*What you will do*.
Locate the line that contains "Photo of Gov." in the data that follows. Copy it and every subsequent line to the end, exactly, excluding pictures.

*Data block*.
--------------------------------------------------

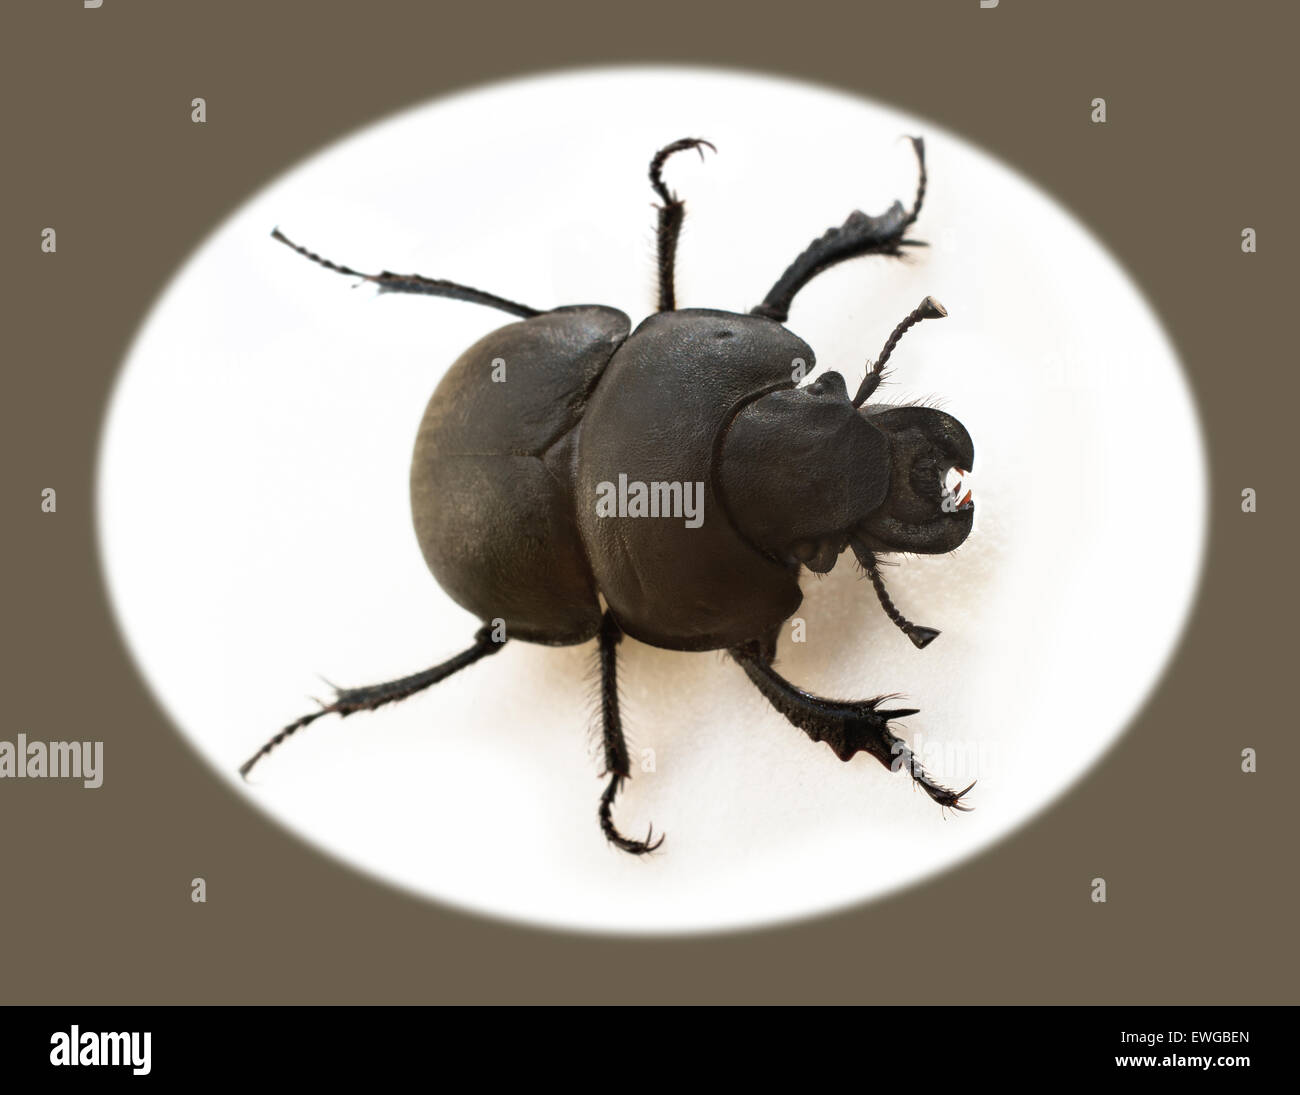 Beetle Krawczyk-holovatch (lat. Lethrus apterus) is a beetle of the family of the dung beetles burrowing animals (Geotrupidae). Stock Photo
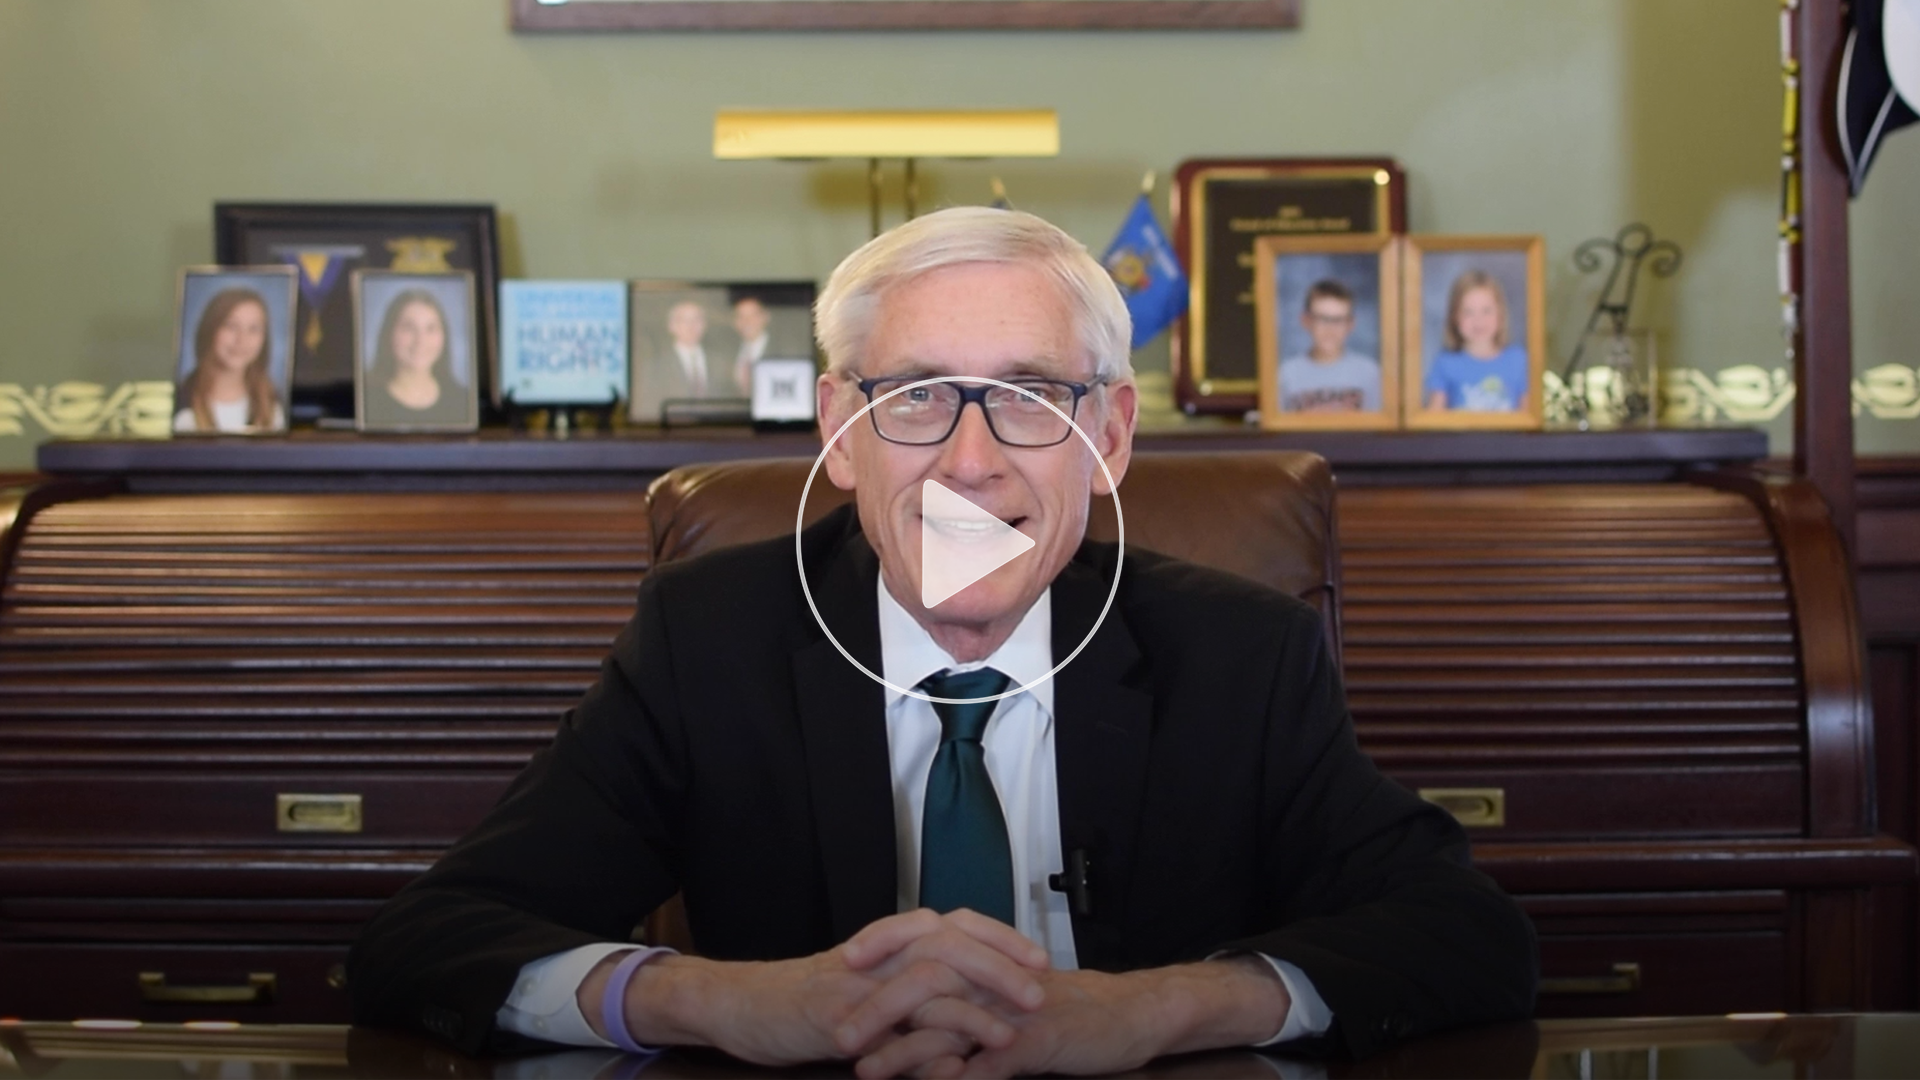 Photo of Gov. Evers at his desk with a video play button.
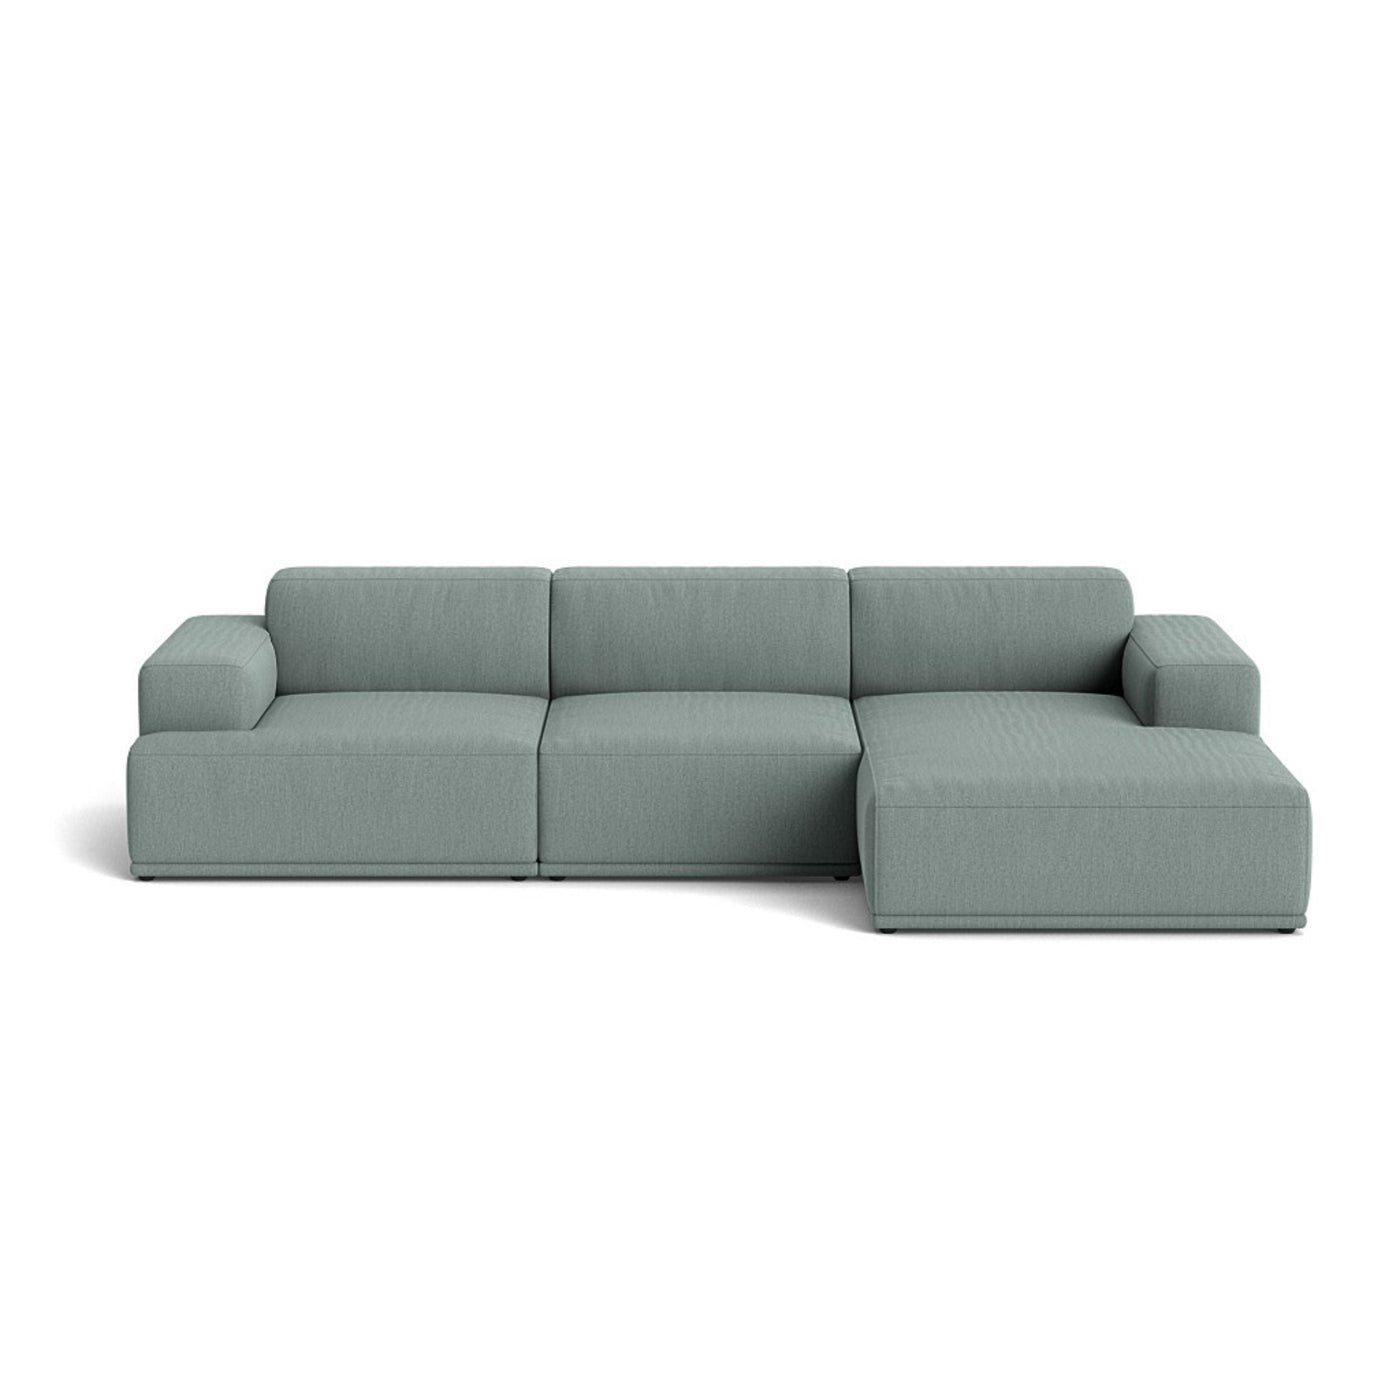 Muuto Connect Soft Modular 3 Seater Sofa, configuration 3. Made-to-order from someday designs. #colour_re-wool-828
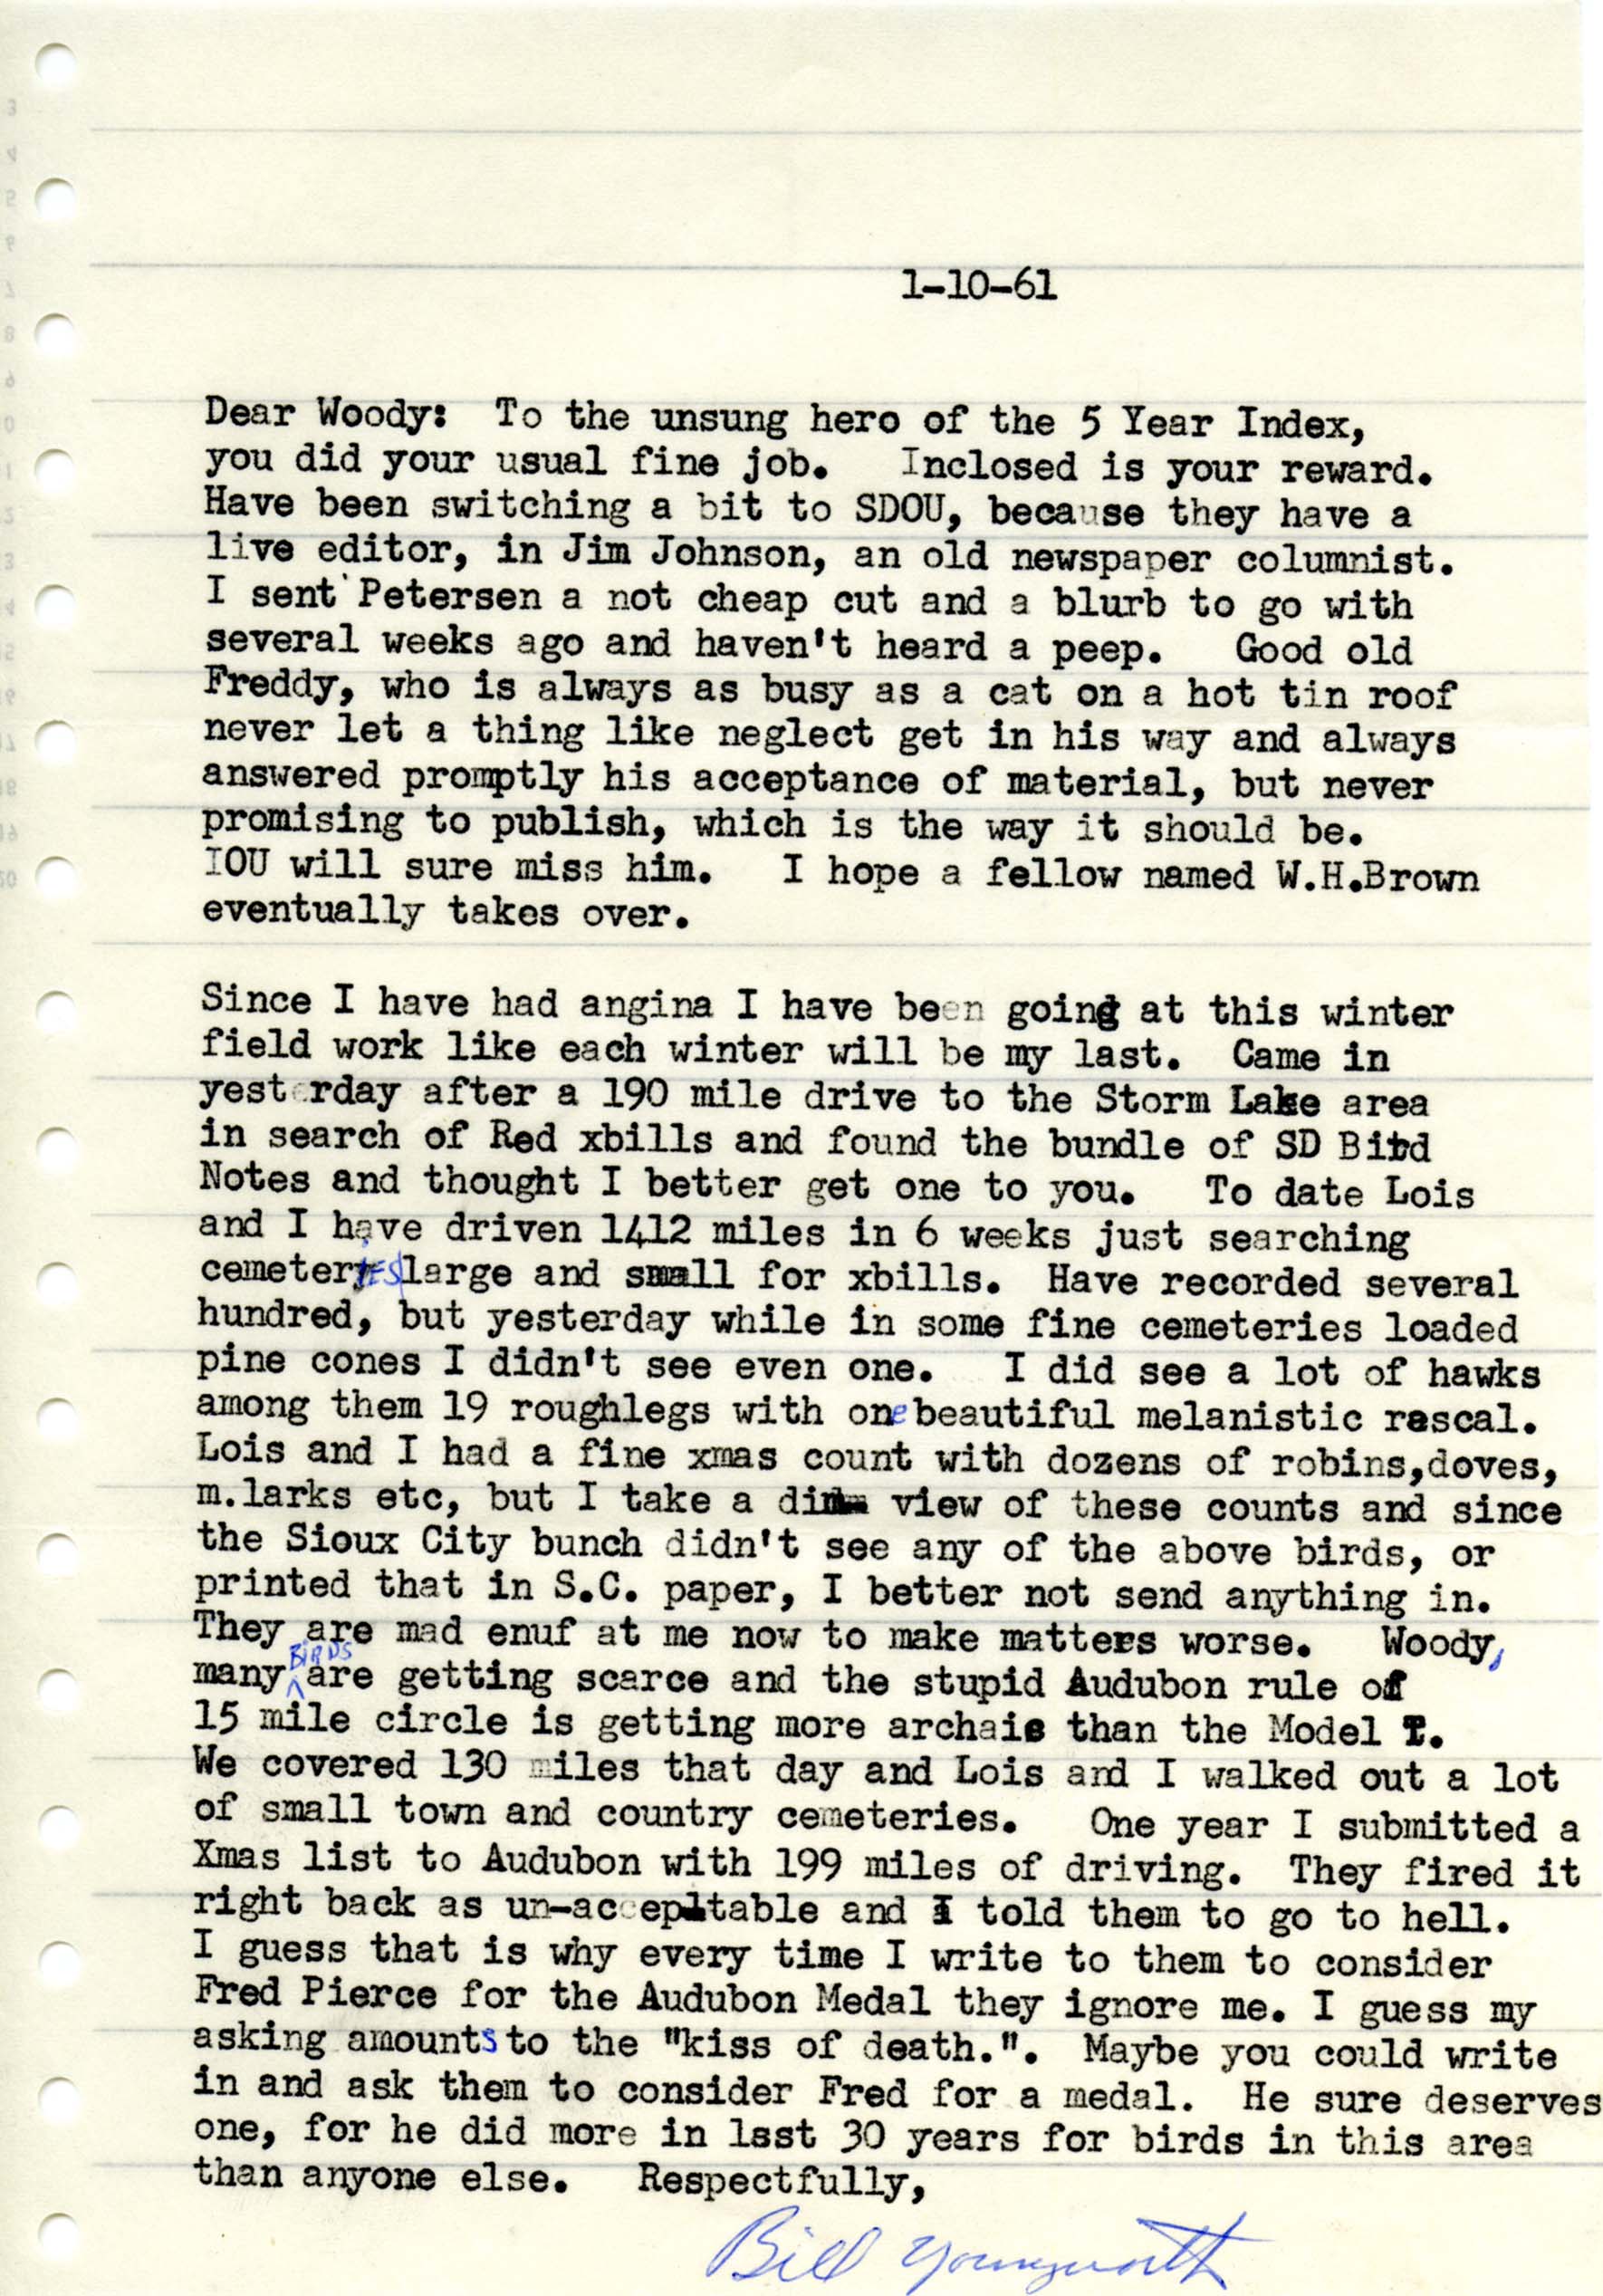 Bill Youngworth letter to Woodward Hart Brown regarding a new editor for Iowa Bird Life, January 10, 1961

--------------------------------------------------

*Your solution*.
 Photo of Gov. Evers at his desk with a video play button.
 Muuto Connect Soft Modular 3 Seater Sofa, configuration 3. Made-to-order from someday designs. #colour_re-wool-828
 Bill Youngworth letter to Woodward Hart Brown regarding a new editor for Iowa Bird Life, January 10, 1961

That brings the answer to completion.